- Theatrical release poster
- Directed by: David Leitch
- Written by: Mark Bianculli
- Produced by: Brian Grazer; Jeb Brody; Allan Mandelbaum; David Leitch; Kelly McCormick;
- Starring: Nicholas Hoult; Zoë Kravitz; Anna Sawai; Rhenzy Feliz; Pete Davidson; John C. Reilly;
- Cinematography: Jonathan Sela
- Edited by: Elisabet Ronaldsdottir
- Music by: Dominic Lewis
- Production companies: Metro-Goldwyn-Mayer; Imagine Entertainment; 87North Productions;
- Distributed by: Amazon MGM Studios (United States and Canada); Sony Pictures Releasing International (International);
- Release date: November 13, 2026;
- Running time: 122 minutes
- Country: United States
- Language: English

= How to Rob a Bank (2026 film) =

Upcoming film by David Leitch

How to Rob a Bank is an upcoming American action comedy heist film directed by David Leitch from a screenplay by Mark Bianculli. It stars Nicholas Hoult, Zoë Kravitz, Anna Sawai, Rhenzy Feliz, Pete Davidson, and John C. Reilly.

The film is scheduled to be released in the United States on November 13, 2026.

==Premise==
A crew of bank robbers have been using social media to document heists that they have pulled off, leading to pursuit from the police.

==Cast==
- Nicholas Hoult as Ryan
- Zoë Kravitz as Reagan Gardner
- Anna Sawai
- Rhenzy Feliz
- Pete Davidson as Vince
- John C. Reilly as Agent West
- Christian Slater as Walton
- Tati Gabrielle as Skyler

==Production==
Mark Bianculli wrote the script for a heist film and began developing it for several years with Imagine Entertainment. David Leitch was eventually attached to direct and produce from his production company 87North Productions when Amazon MGM Studios also joined the project. Nicholas Hoult was cast in the lead role in March 2025, with Anna Sawai added to the cast and Pete Davidson entering negotiations to join the following month. Davidson was confirmed to join in May, with Rhenzy Feliz and Zoë Kravitz joining the cast. John C. Reilly and Christian Slater joined the cast in June and July, respectively.

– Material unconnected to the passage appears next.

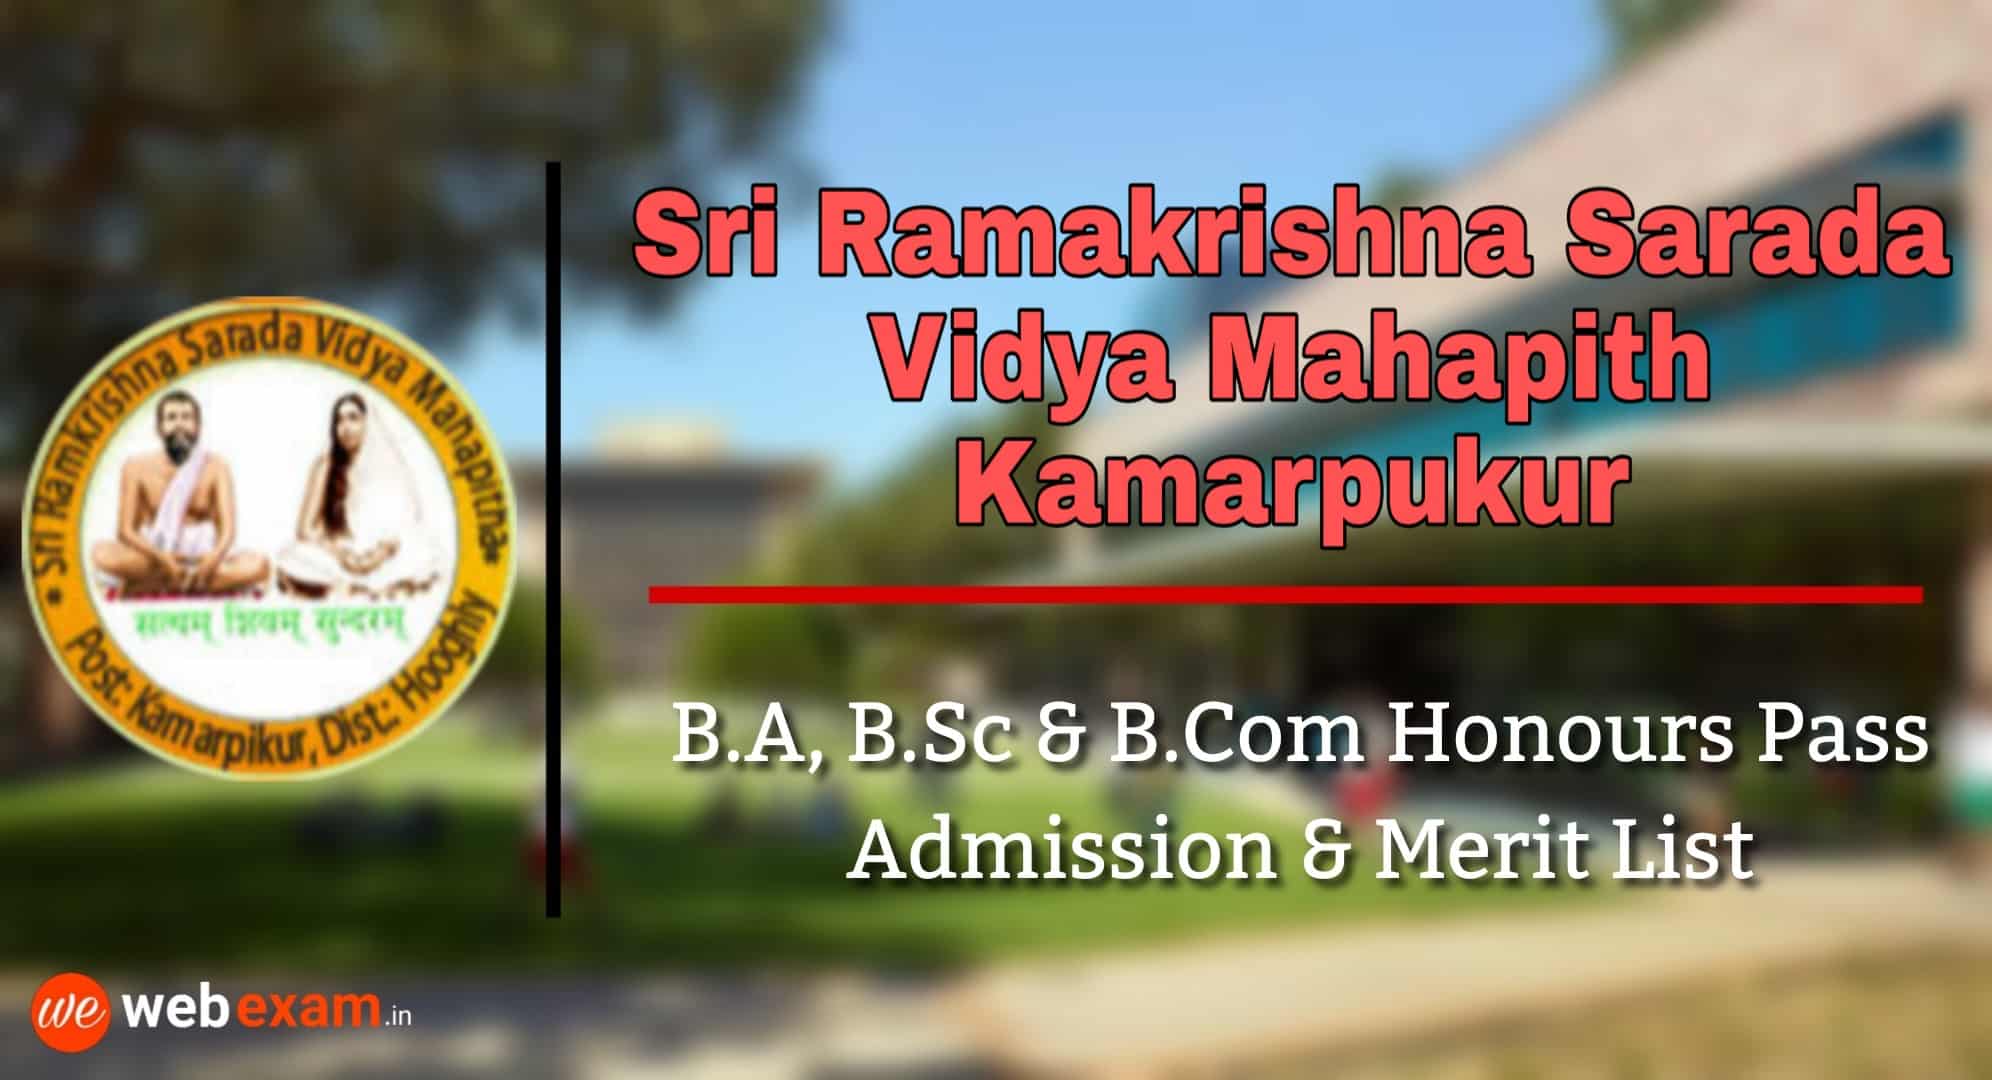 Sri Ramkrishna Sarada Vidya Mahapitha Kamrpukur College Admission

Principal photography began in Pittsburgh in June 2025.

==Release==
How to Rob a Bank is scheduled to be released in the United States on November 13, 2026. It was originally scheduled to release on September 4, 2026, but was pushed back to its current date. It was also slated for a release in Japan on the same day, but on June 17, Sony Pictures announced that it was canceled.